LinuxQuestions.org
Support LQ: Use code LQ3 and save $3 on Domain Registration
Go Back   LinuxQuestions.org > Forums > Linux Forums > Linux - Newbie
User Name
Password
Linux - Newbie This Linux forum is for members that are new to Linux.
Just starting out and have a question? If it is not in the man pages or the how-to's this is the place!

Notices


Reply
  Search this Thread
Old 05-05-2014, 06:15 AM   #1
akhilesh_03
LQ Newbie
 
Registered: Apr 2014
Posts: 23

Rep: Reputation: Disabled
Wink Apache log Analyzer


Hi,

Hi All

I have to monitor Apache servers log.Which open source applications are available??

Also if a particular predefined match is found in the log file then it should send alert also via mail.

Thanks in advance

Thanks
 
Old 05-05-2014, 06:26 AM   #2
descendant_command
Senior Member
 
Registered: Mar 2012
Posts: 1,385

Rep: Reputation: 354Reputation: 354Reputation: 354Reputation: 354
From your minimal description it's very hard to tell what you are trying to do, but it sounds like fail2ban will do what you want.
 
Old 05-05-2014, 07:05 AM   #3
Rawcous
Member
 
Registered: Jan 2014
Location: Farnborough, Hampshire - UK
Distribution: Previously 2 * Fedora 18 Servers -> 2 * CentOS 6.7 + random distro testing
Posts: 96

Rep: Reputation: Disabled
Hello akhilesh_03,

If you are simply trying to monitor & proactively block attempted web-server intrusions then as descendant_command indicates then fail2ban is probably what you are after: http://www.fail2ban.org/wiki/index.php/Main_Page You will probably by default find the package in your distro's repository.

If you wish to analyse your website activity in terms of the pages visited,etc.then awstats is the tool for you: http://awstats.sourceforge.net/ It's a great tool that I personally use on my webserver.
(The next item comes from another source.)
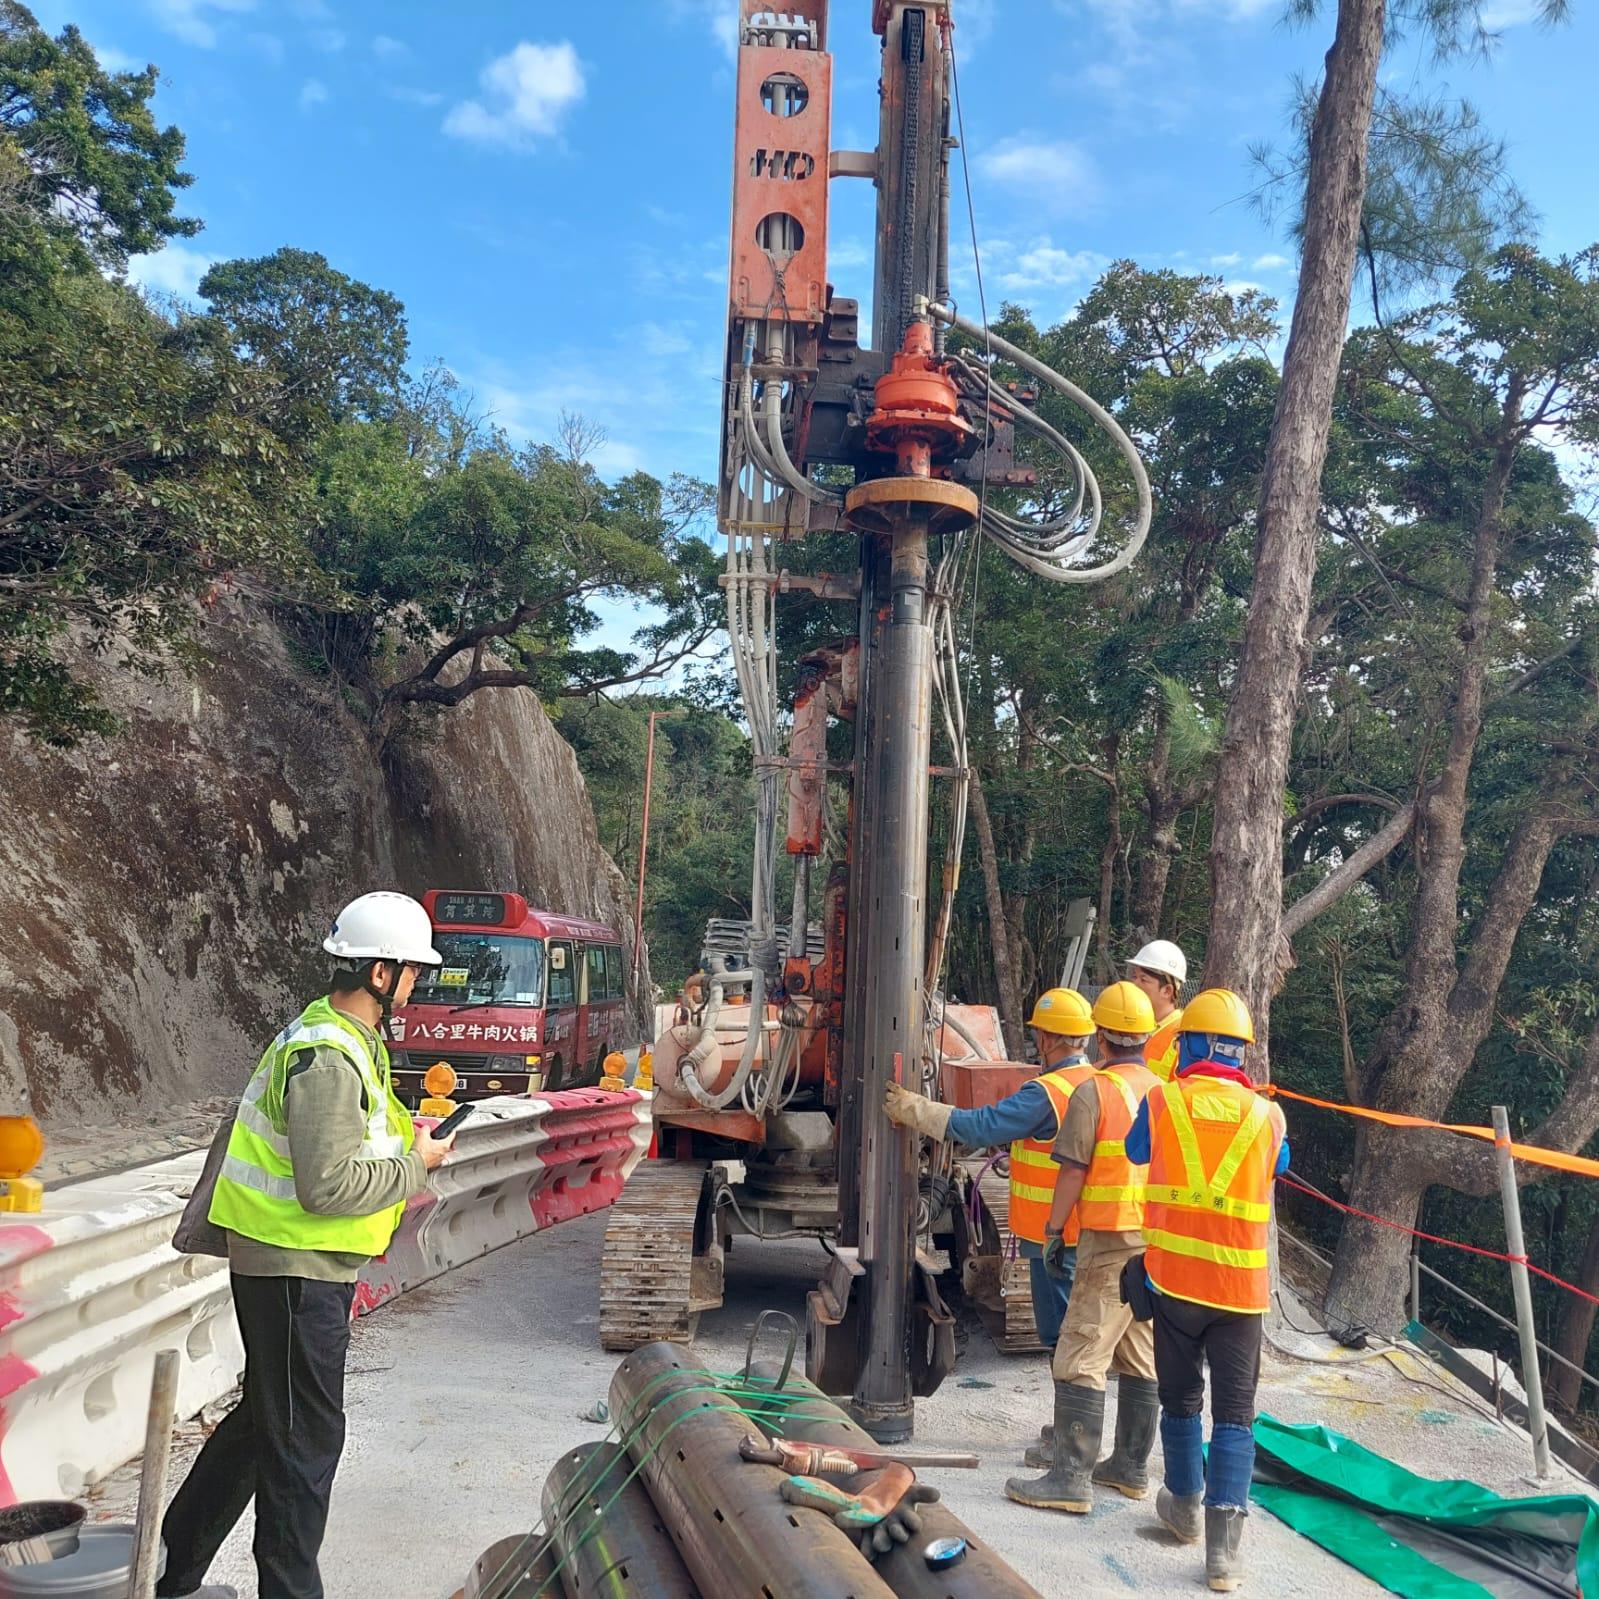 The two-lane traffic arrangement at Shek O Road near Lan Nai Wan was fully resumed today (February 29) in the afternoon. Photo shows the mini pile drilling and grouting works earlier at the scene, which formed part of the emergency slope stabilisation works necessary for reopening the relevant traffic lane.
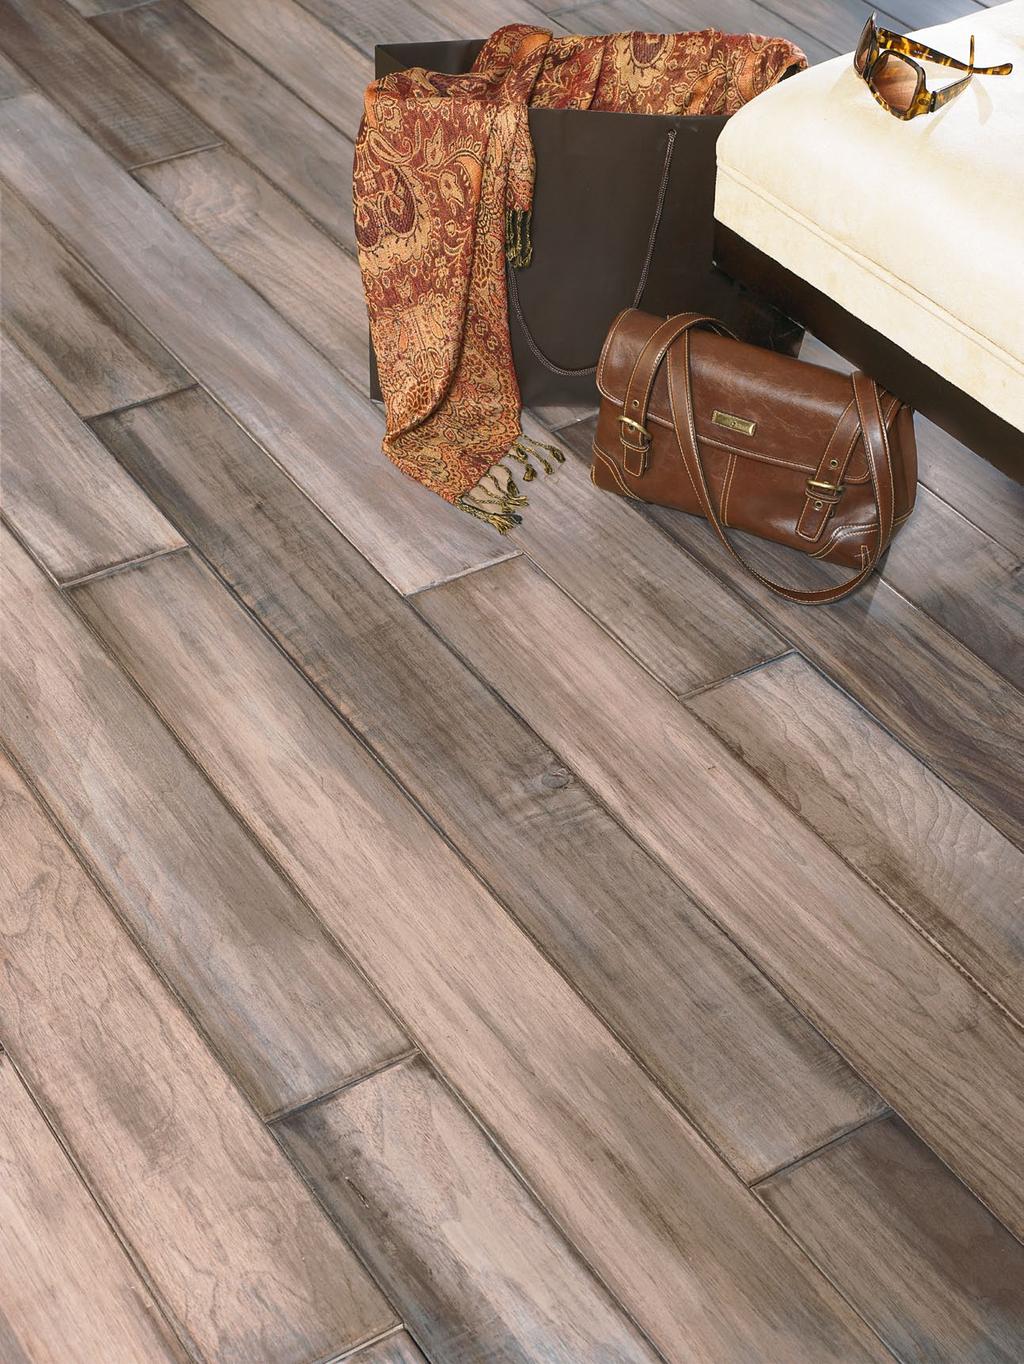 About Mannington Hardwood Flooring Designed to reflect the latest trends in American home furnishings, Mannington s engineered hardwood flooring is real hardwood engineered for superior performance.

It provides you with information such as the following:

1. The IP address of the visitor
2. The pages accessed by the visitor
3. The operating system /browser / search engine used by the visitor
4. HTTP status codes


If either of the above is not what you are after then please provide my details.

Regards,

Rich
 
Old 05-06-2014, 12:34 AM   #4
akhilesh_03
LQ Newbie
 
Registered: Apr 2014
Posts: 23

Original Poster
Rep: Reputation: Disabled
Hi,

Thanks Rawcous and descendant_command for your reply.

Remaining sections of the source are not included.